I score low on many things in life, including mechanical aptitude. So when I share new discoveries, I often hear from others, “oh I’ve been doing that for 30 years.” I am willing to risk the humiliation, because I just used a product that I did not know existed until recently. Solder and seal connectors.

 

The concept is pretty simple: you twist together the wires for  whatever you’re connecting, slide the connector over the connected wires, and warm it with a heat gun. The solder ring melts and secures the electrical connection, and the tubing shrinks to create a waterproof splice. Easy and seemingly very effective. 
 

You may now start with the ridicule....

 

 

 

Afternoon Mike

 

No ridicule as a new find posted here is always something to think about & discuss further. 

 

We had a vendor try to sell us (either that exact product or a very similar product) a few years ago.
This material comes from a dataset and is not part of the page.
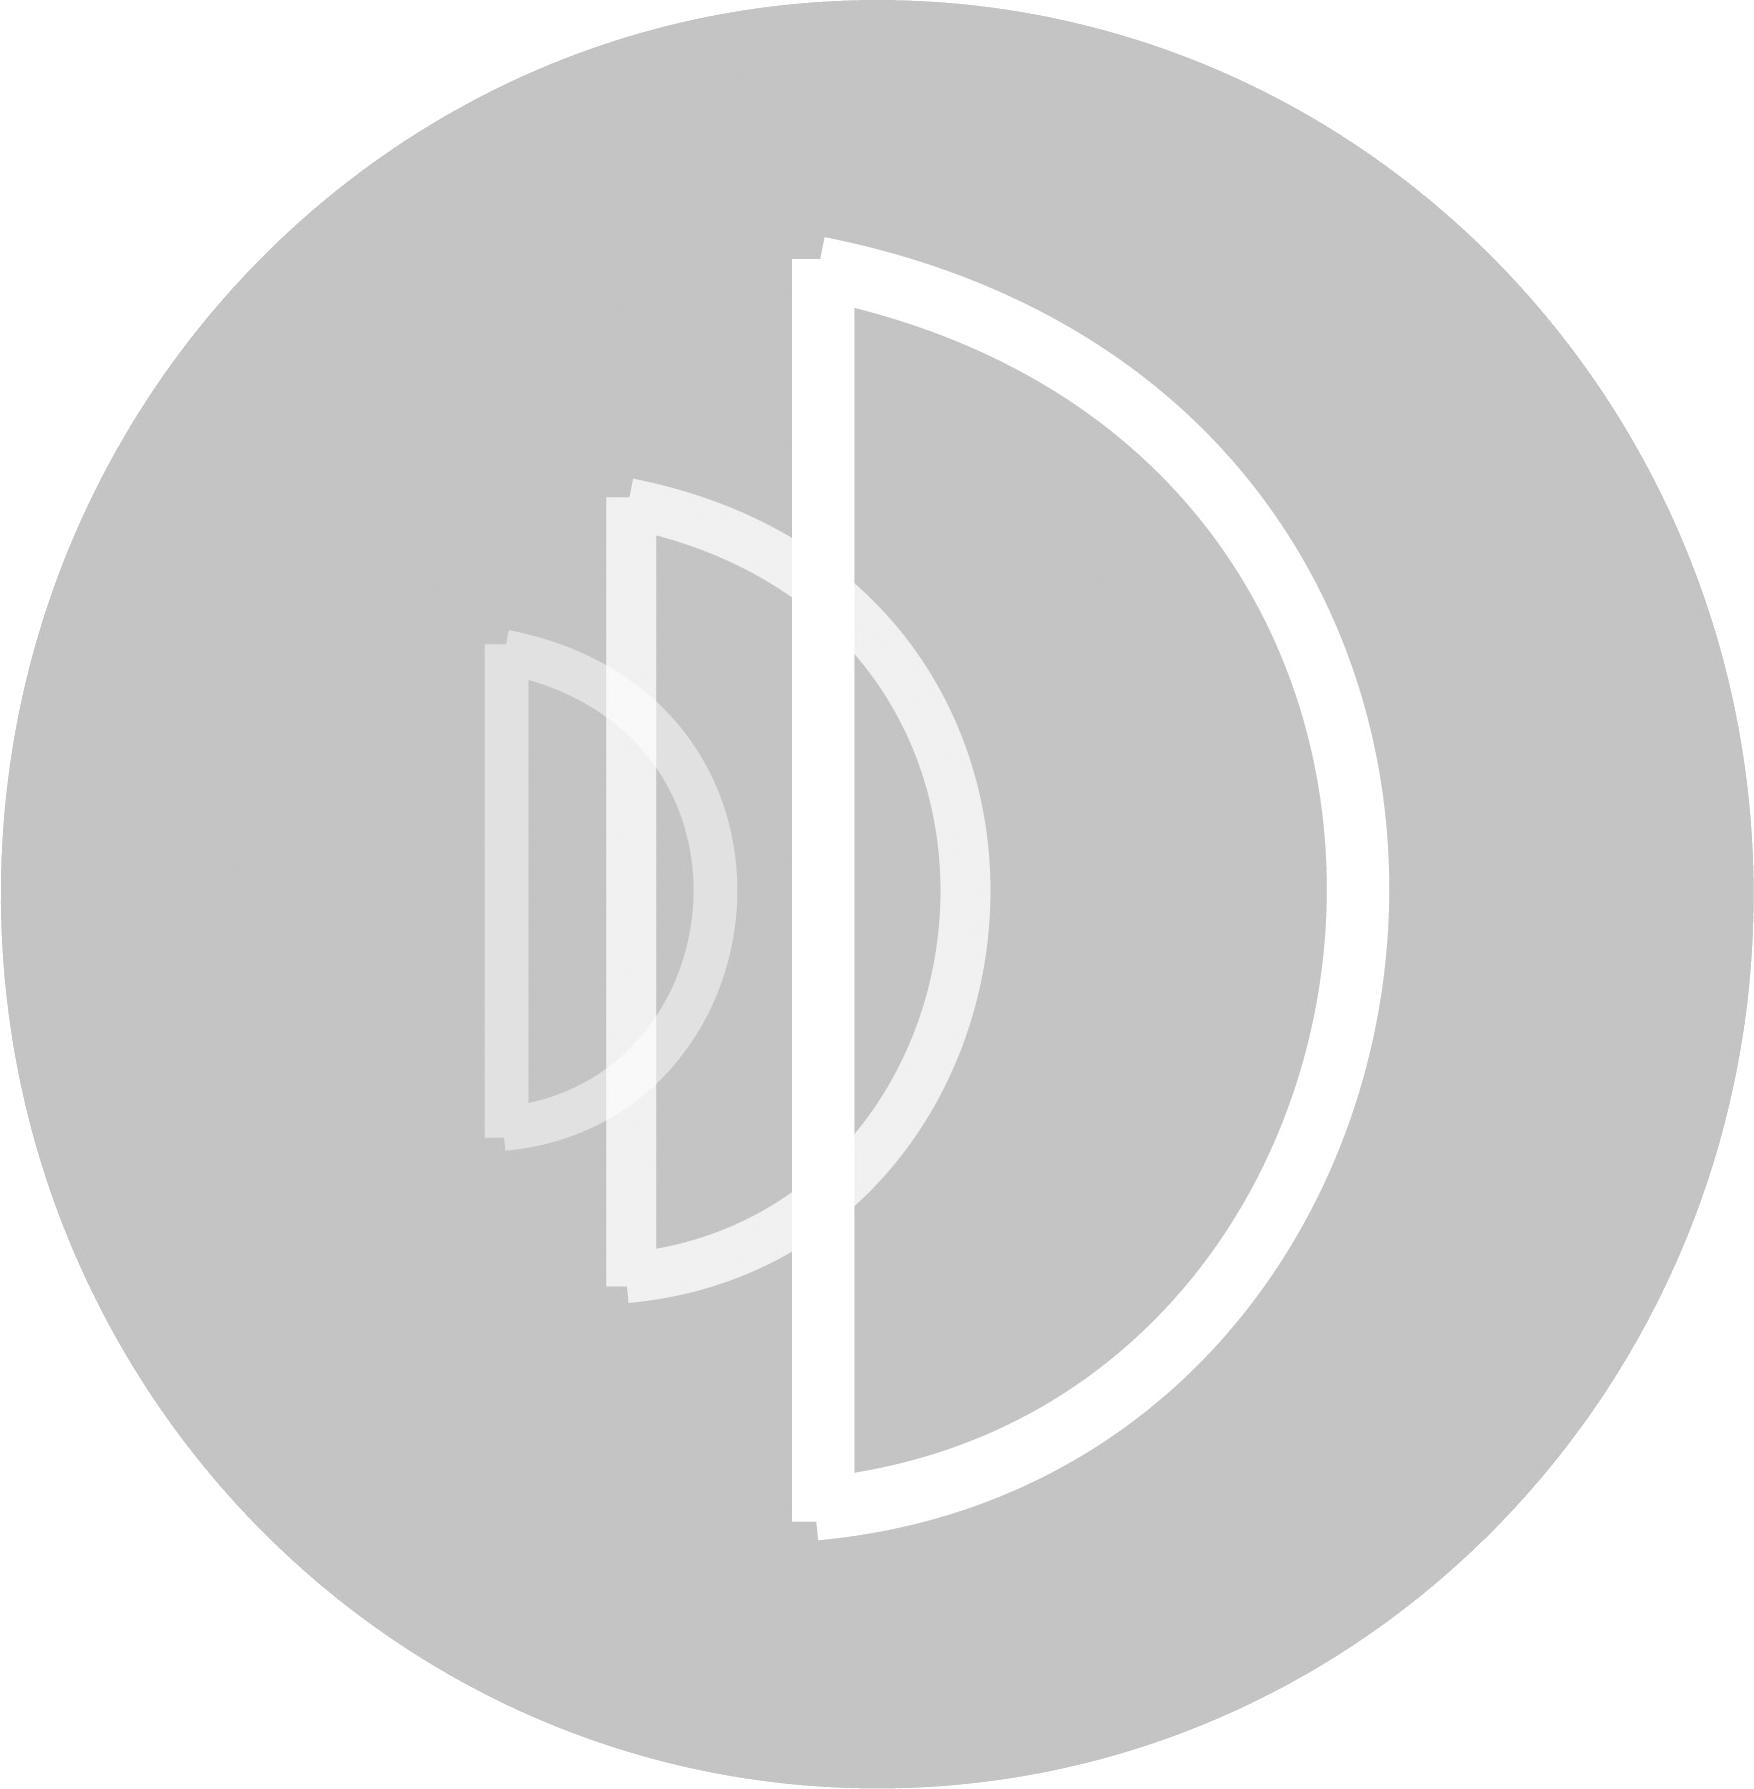 Logo DDD Dream Decoding Drawing
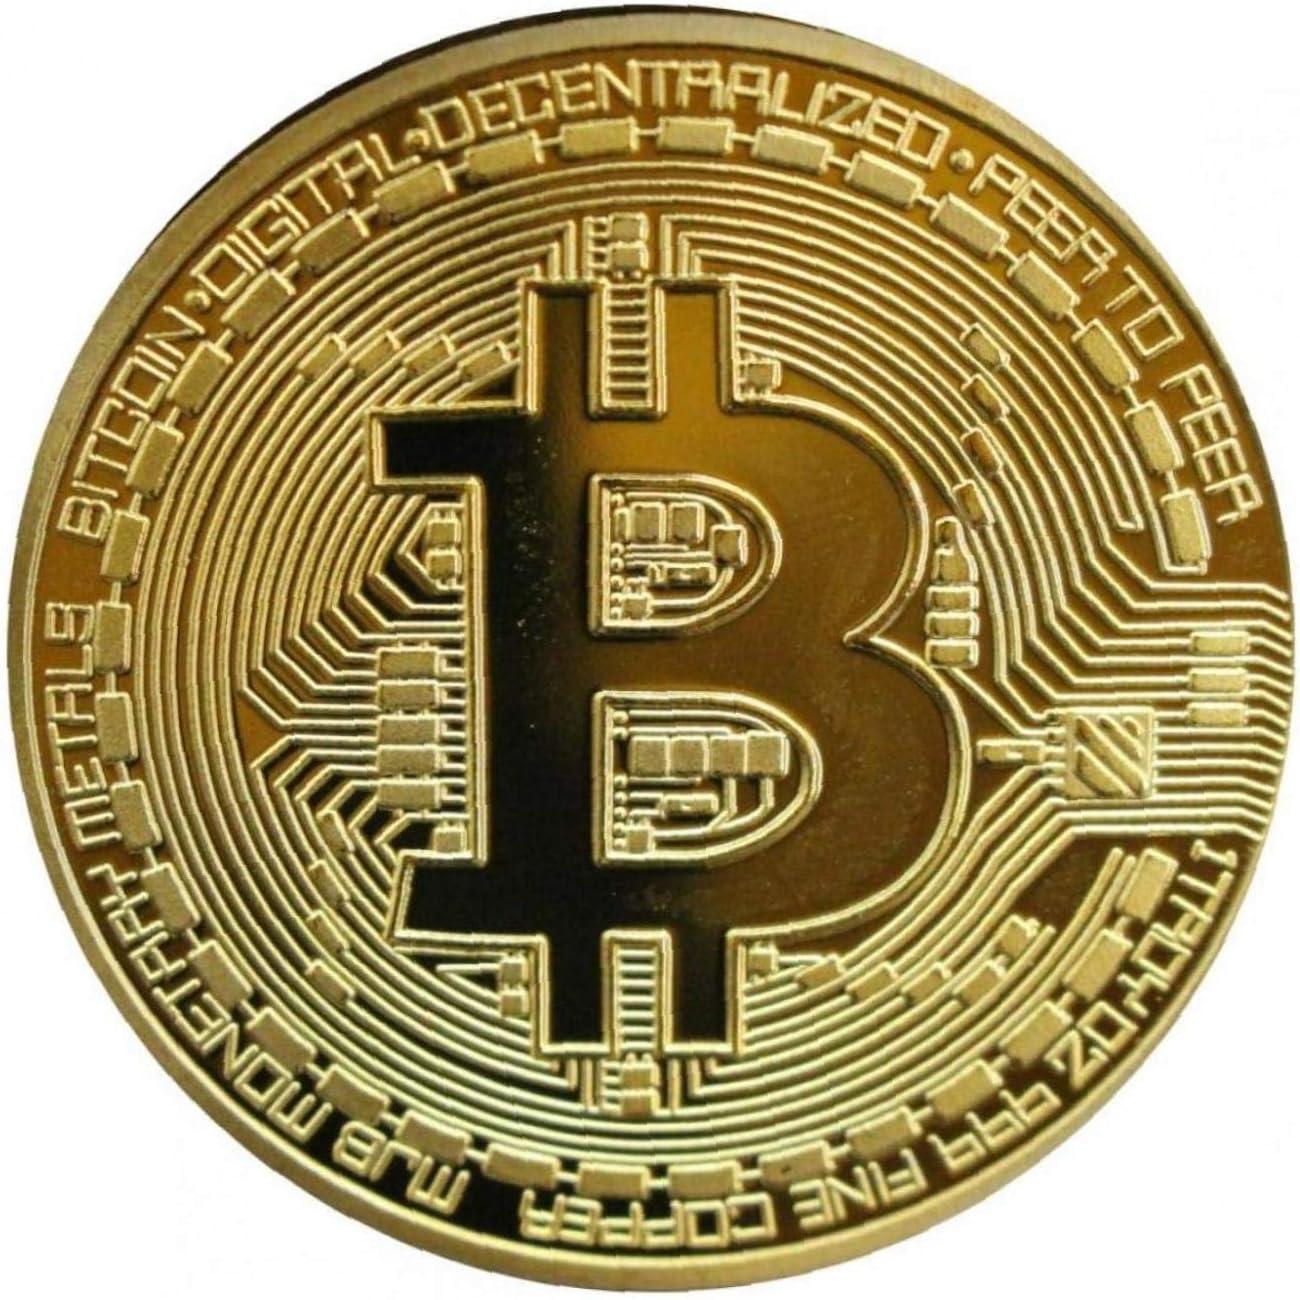 Moneta fisica Bitcoin oro in rame : scrivendovolo.it: Giochi e giocattoli

Our instrumentation department quickly talked us out of them due to some underlying issues. 

 

Those things are really no better then just twisting two wire ends together then soldering the twisted joint, then sliding heat shrink over the connection. As was pointed out by our instrumentation department they are even worse than twisting the wires together then soldering as there is no visual way to confirm proper solder penetration & the solider itself  is rather low melting temperature.

 

I guess I don't see the advantage to using a marginal solder joint connector that uses an unverified solder connection & heat shrink all in one. 

 

It seems like a much more secure (& verifiable) to just twist the wire ends together, solder, then use heat shrink over the joint. (personally I won't even do that as I hate plain twisted wires with no splice clip as a securing band )

 

Where I work we can't just twist wires together & solder as that is considered poor  joint  integrity  so all wire joints must be joined with a properly crimped splice clip, then properly soldered (& visually verified),  then covered with sealing type heat shrink (this is positively needed for ABS brake wiring repair, Air Bag wiring repair, inertia sensor wiring repair & all other circuits that are a critical circuit for safety or performance.  

 

Even for a quick field fix those seem to be a sort of a non player as you need a high temp heat gun to make them work. A simple splice clip, crimper tool & a cigarette lighter to shrink the heat shrink would be handier to carry.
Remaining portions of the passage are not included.